What to produce
Output the data verbatim, minus the images.

Data shown
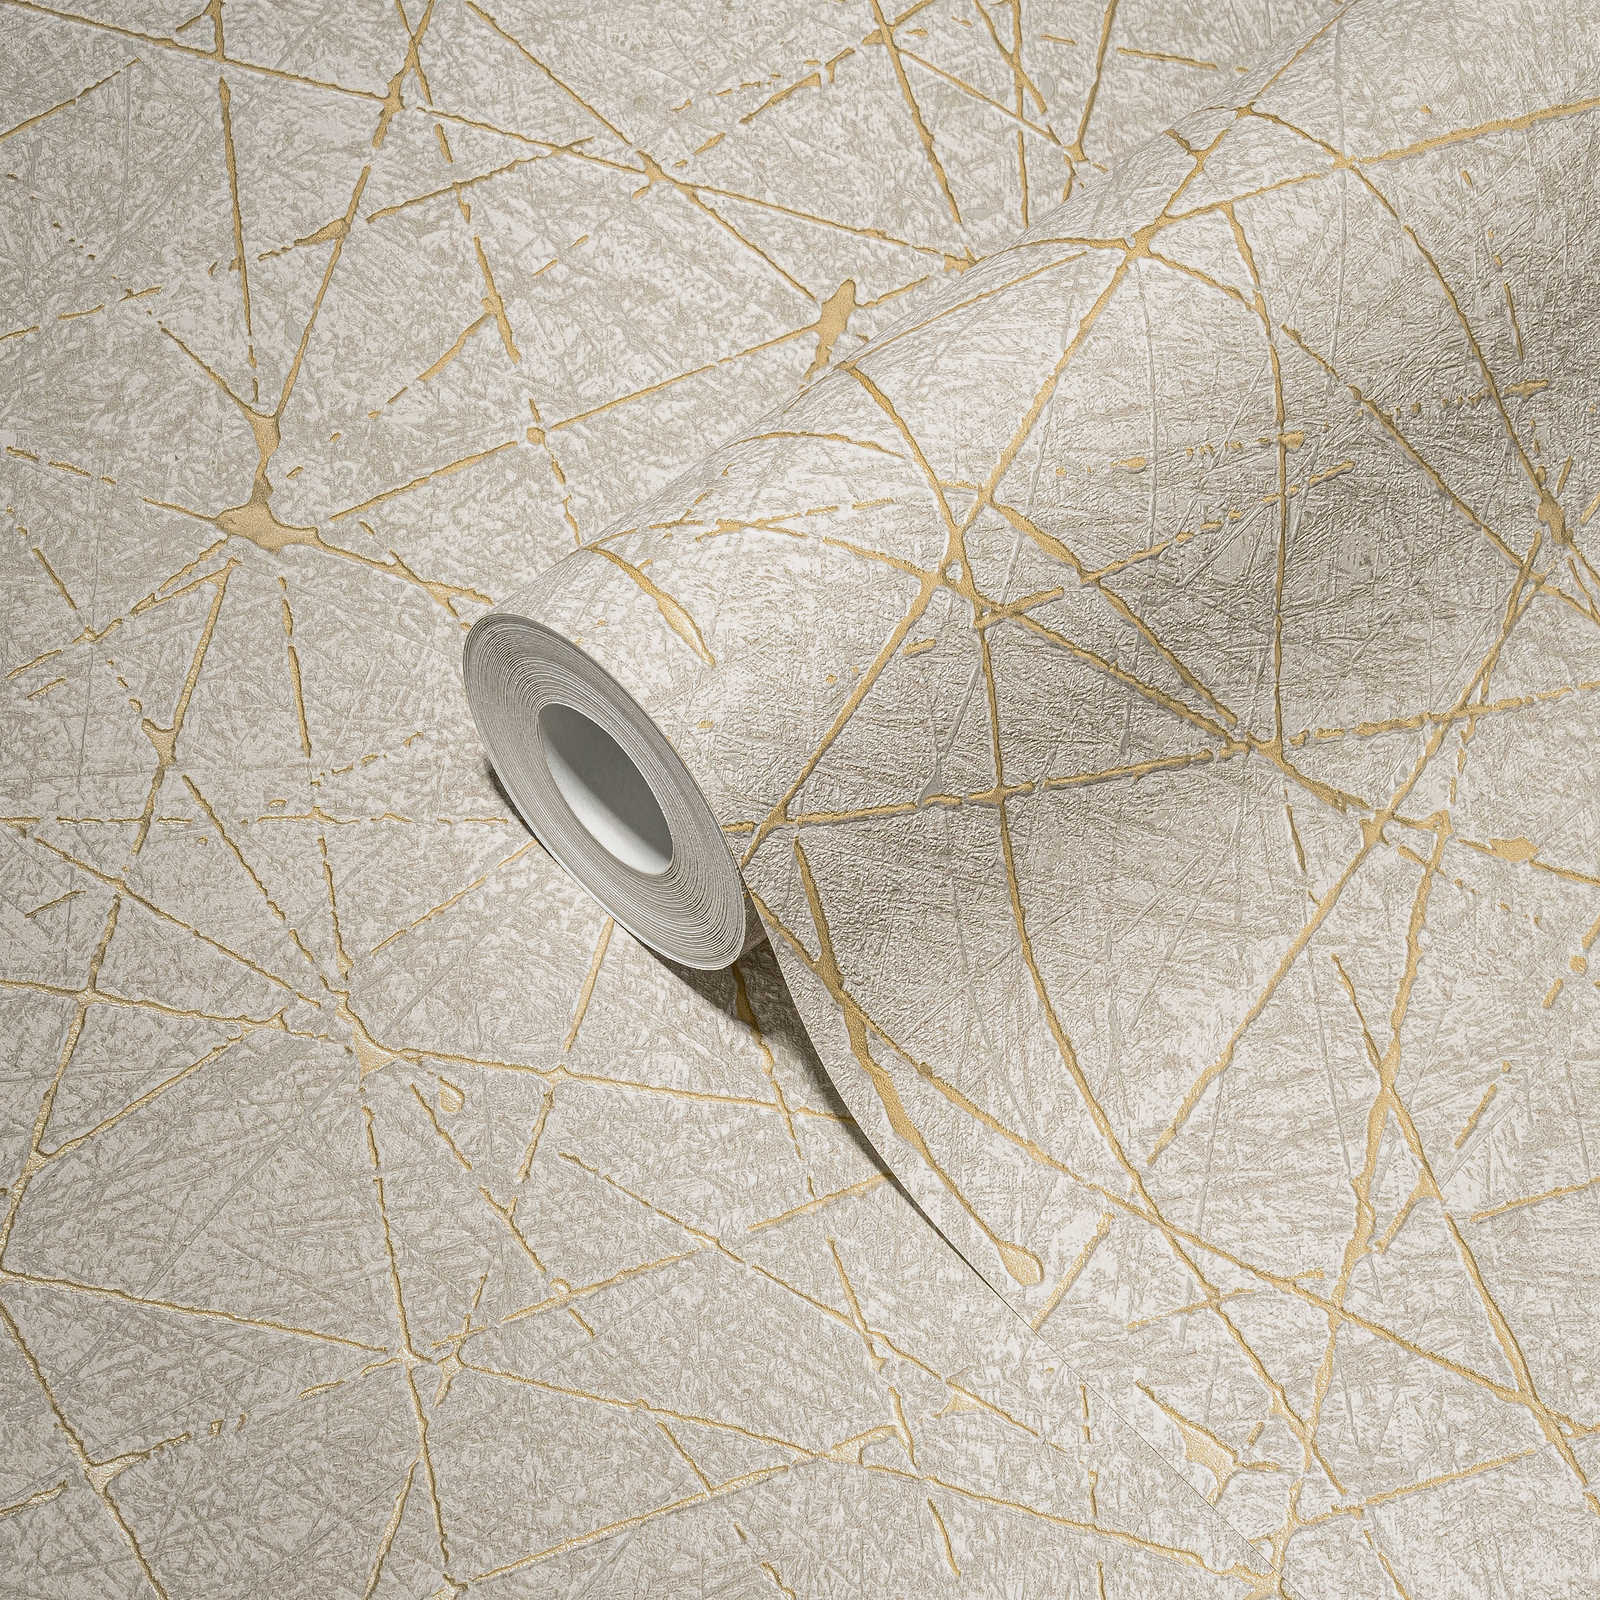             Non-woven wallpaper with graphic lines & metallic effect - cream, grey, gold
        
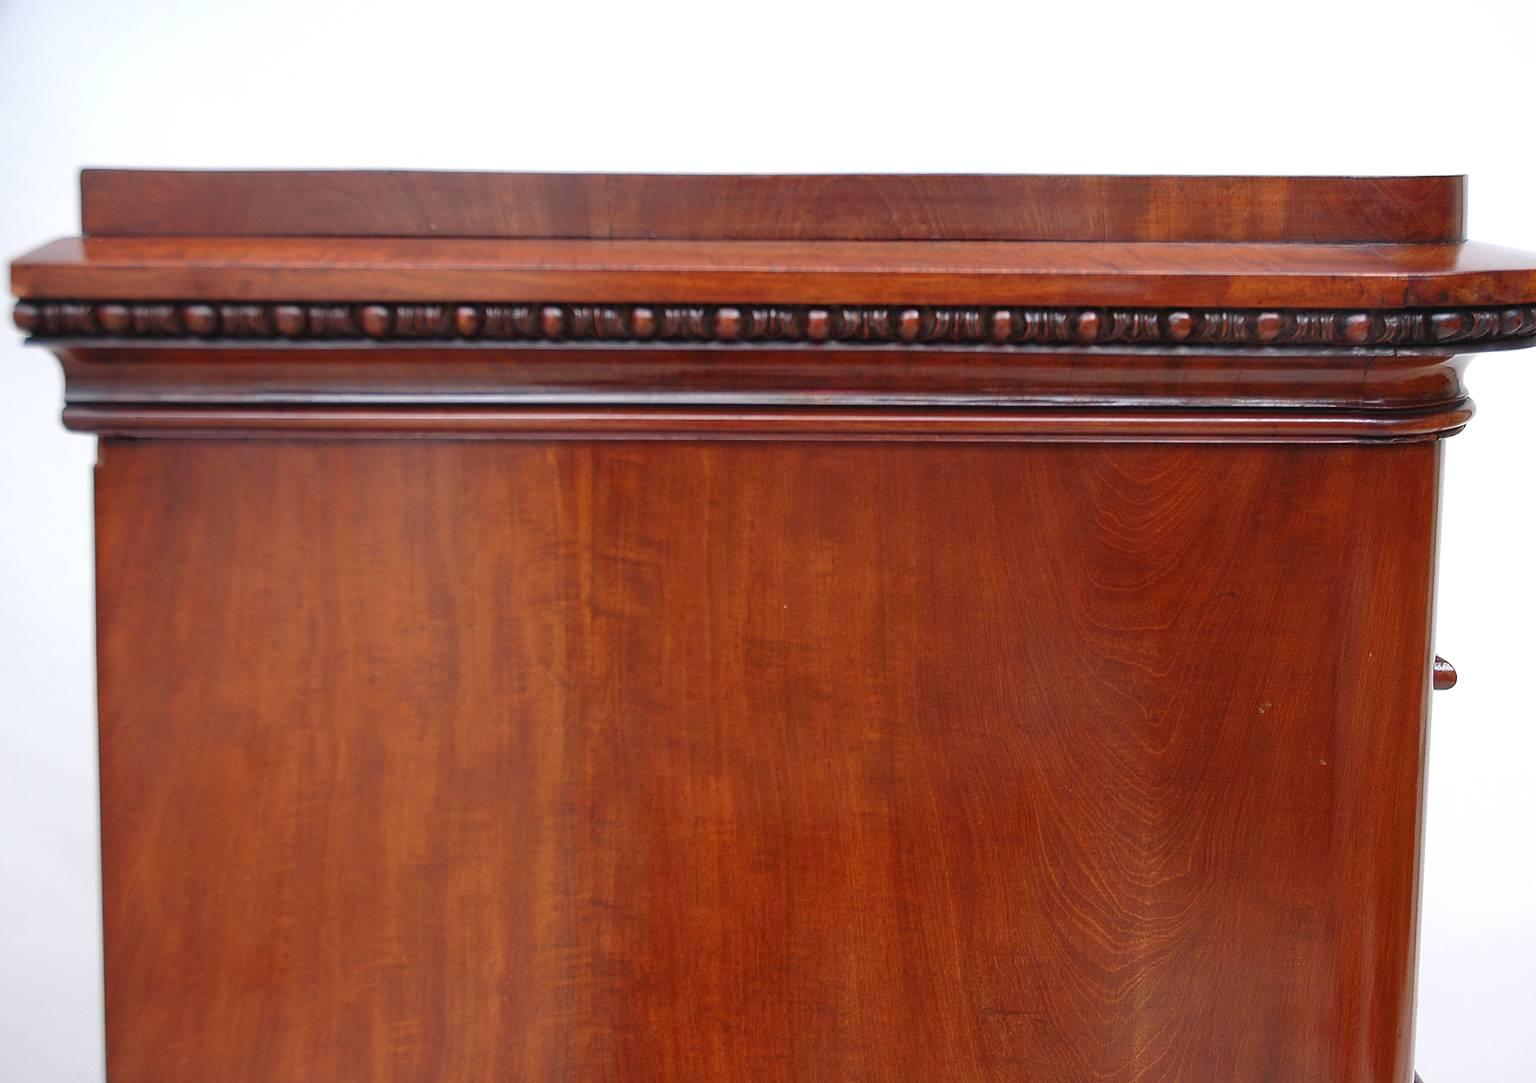 Polished Antique Biedermeier Tall Chest of Drawers in Bookmatched Mahogany, Denmark, 1840
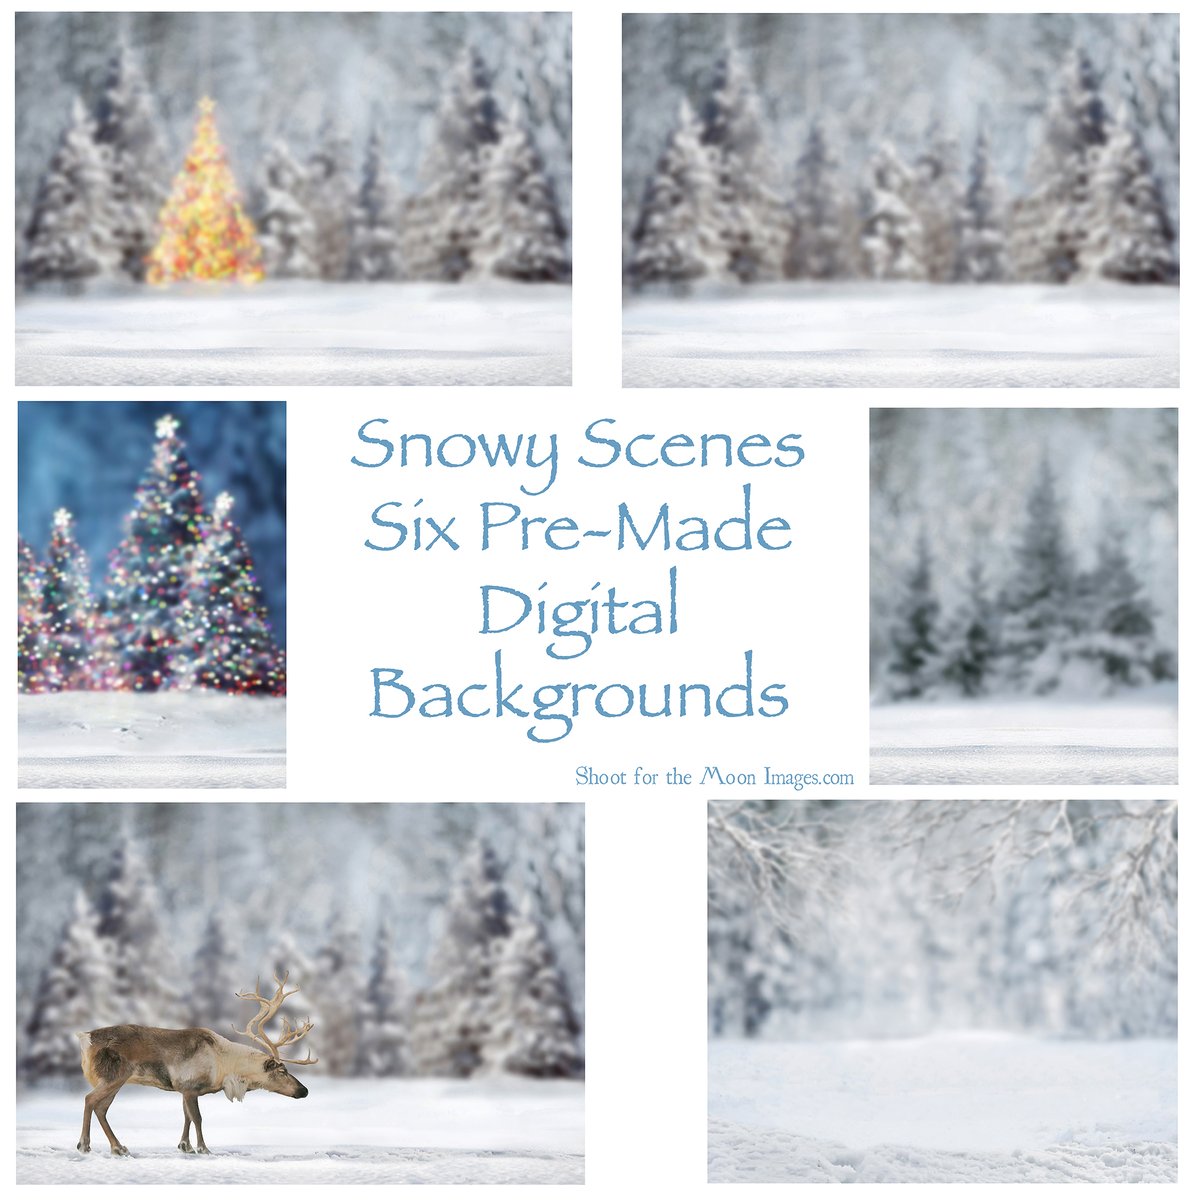 Image of Snowy Scenes Digital Backgrounds

Result of the exercise
             Non-woven wallpaper with graphic lines & metallic effect - cream, grey, gold
        
 Polished Antique Biedermeier Tall Chest of Drawers in Bookmatched Mahogany, Denmark, 1840
 Image of Snowy Scenes Digital Backgrounds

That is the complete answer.